It looks like the server move is complete and all should be well.

Sorry… I’ve been condiitoned to understand “all is well” to be synonymous with “things are coming apart at the seams.”

[8] Posted by Positive Phototaxis on 07-15-2009 at 08:01 AM • top

#5 I’ve noticed that.  It’s a particularly dishonorable showing on their part.

[9] Posted by Phil on 07-15-2009 at 08:08 AM • top

I “slept in” this morning until 6:30. I’m going to get some breakfast, then back to the lair to get Kendall’s site configured.

I have been baptized.

[10] Posted by Greg Griffith on 07-15-2009 at 08:08 AM • top

RE: “I have been baptized.”

And your voice is sacred!

[11] Posted by Sarah on 07-15-2009 at 08:09 AM • top

“Those involved in pastoral care know that when a relationship is deeply frayed when one or other party insists “this is who I am” the outcome will be disastrous.”

This is particular true in marriage counseling, when one of the parties announces, “Honey.  I love you.  But I’m gay.  It’s who I am.”

After several hundred years of Episcopal Church marriage to the Church of England, it may be hard for the COE to hear.  Even though it’s been obvious to many for so long.  “How can she not see that about him?” they say.  “How can she turn a blind eye to the affairs, the galavanting, and the betrayal?  How can she be so naive?  Is she just sticking around for the money?  For the comfort?  Maybe this it is just a marriage of convenience?  But if not, when will she wake up, and realize she has been made to look like a fool?”

These are all questions people have been asking of the Church of England.  And it just got a lot harder for her to keeping feigning ignorance, after such a public pronouncement.

[12] Posted by Nasty, Brutish & Short on 07-15-2009 at 08:14 AM • top

Obfuscation is the ‘modus operendi’ of TEC; only they call it “clever”

[13] Posted by JPC on 07-15-2009 at 08:21 AM • top

Prescriptive and Descriptive Resolutions

The distinction between a Resolution that is descriptive and one that is prescriptive is not only artificial but rather amusing.

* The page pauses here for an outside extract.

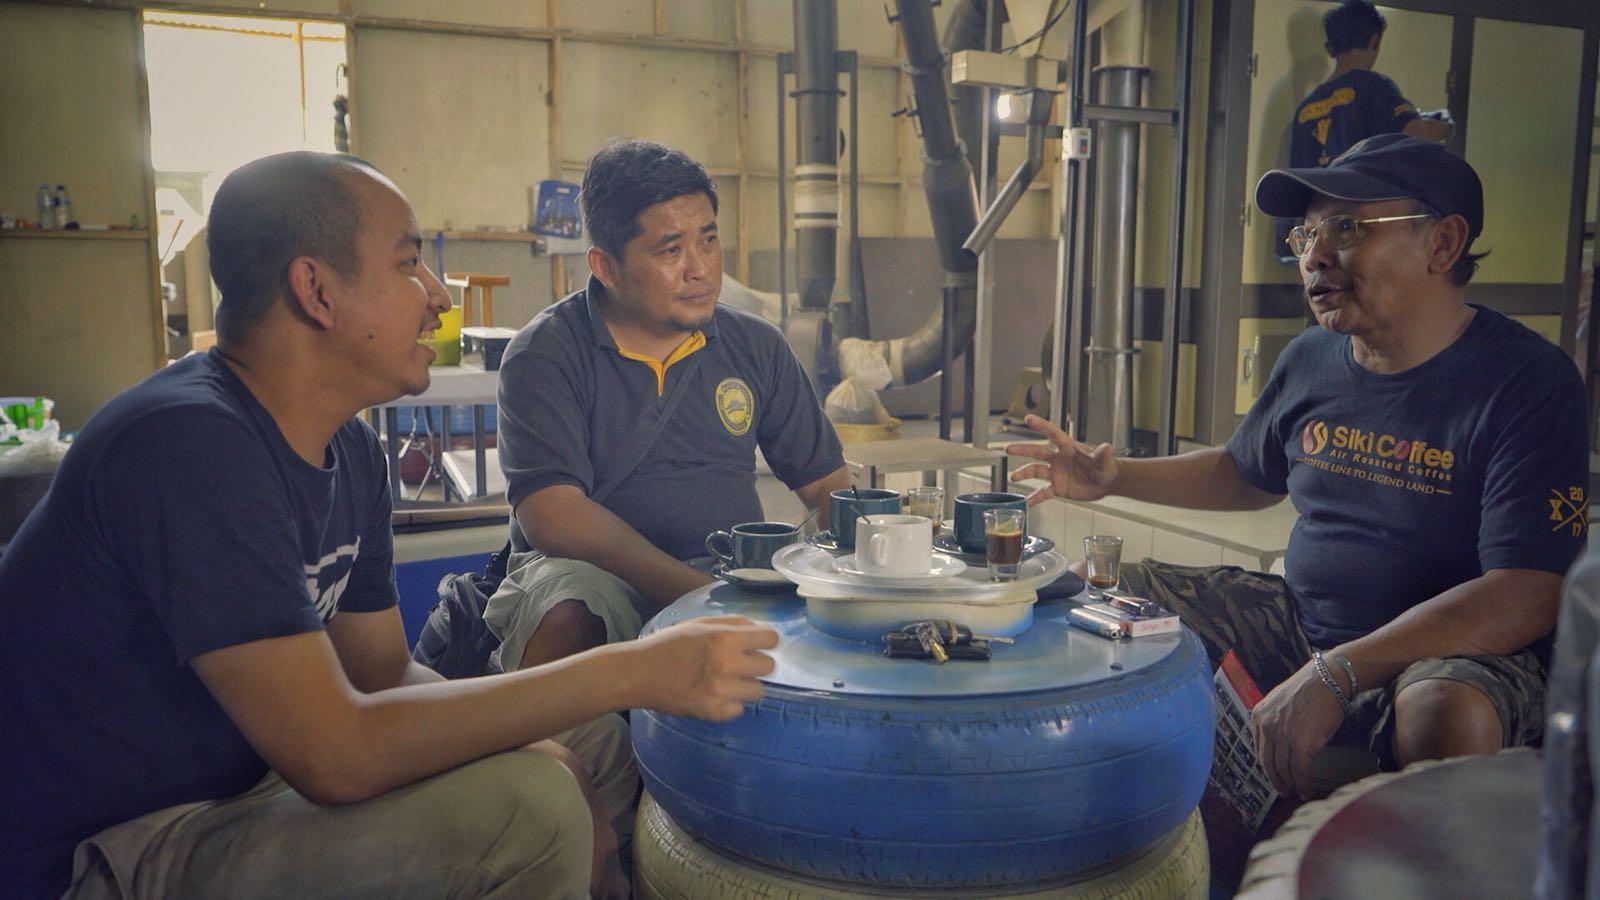 dani rudi and asep at roasting place.jpeg
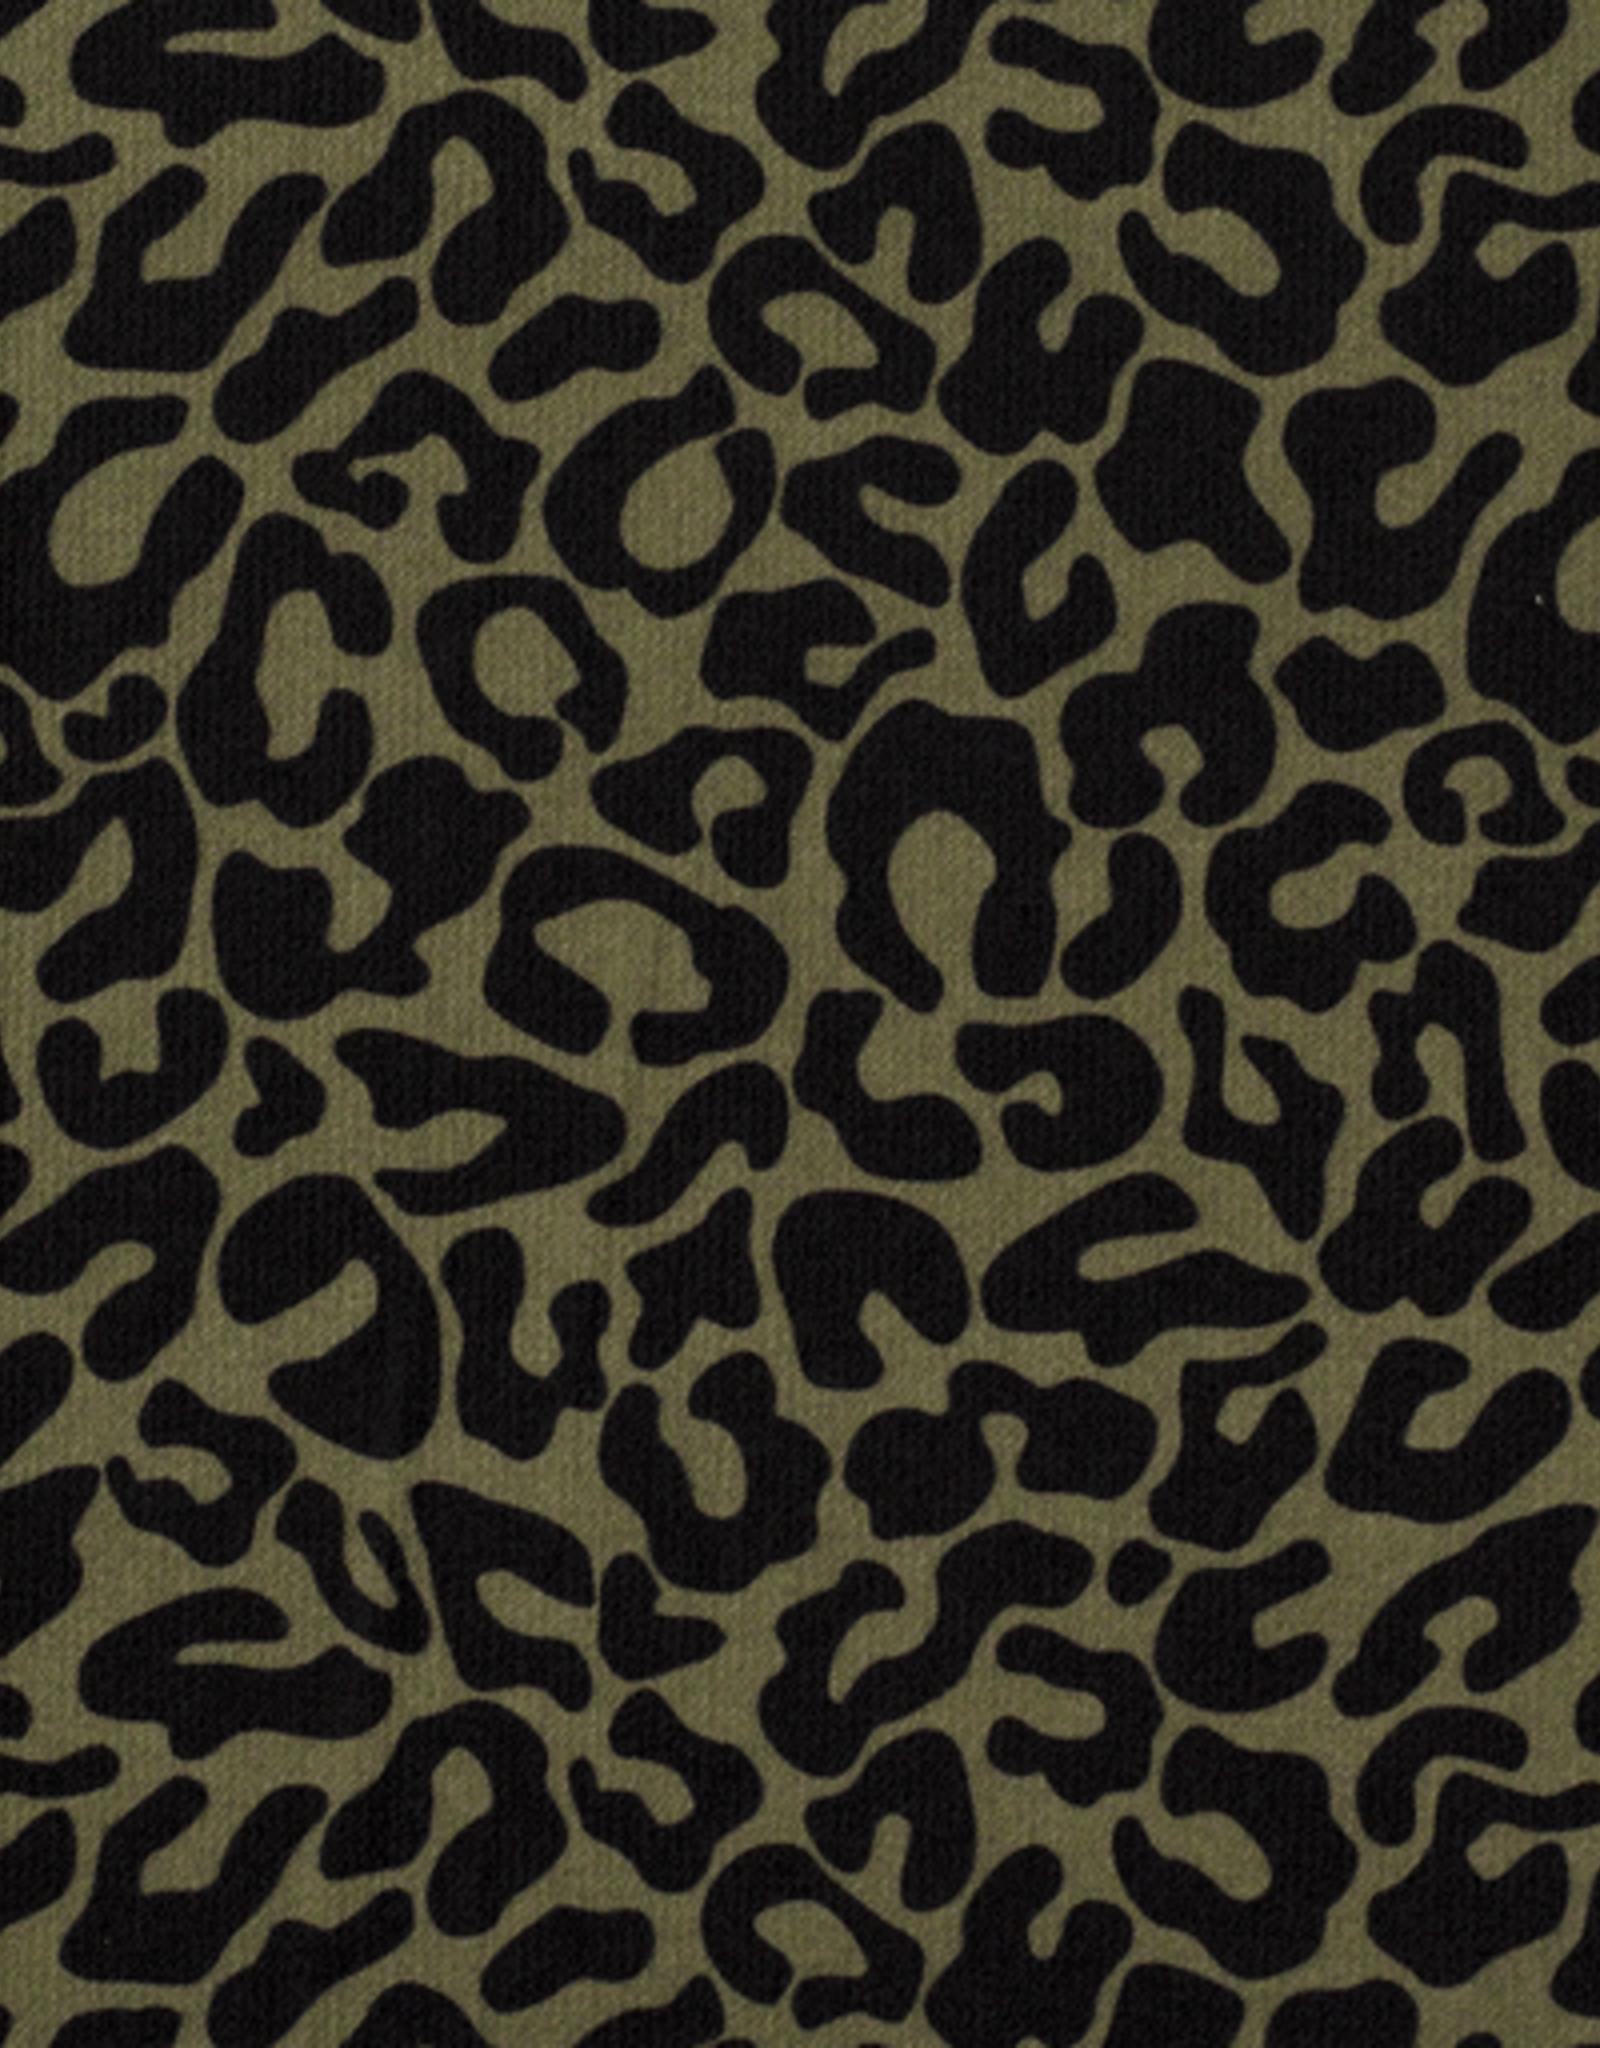 Bubble chiffon luipaardprint kaki

Any parent knows that example is more powerful than mere words. In the Book of Proverbs, both prescriptive and descriptive modes of speech are of a whole cloth in God’s moral ordering of the world. Compare, for instance,

My son, do not despise the LORD’s discipline and do not resent his rebuke, because the LORD disciplines those he loves, as a father the son he delights in. Prov 3:11-12).

and

He who heeds discipline shows the way to life, but whoever ignores correction leads others astray. (Prov 7:11)

Do these proverbs not convey the same message, one by exhortation, the other by observation?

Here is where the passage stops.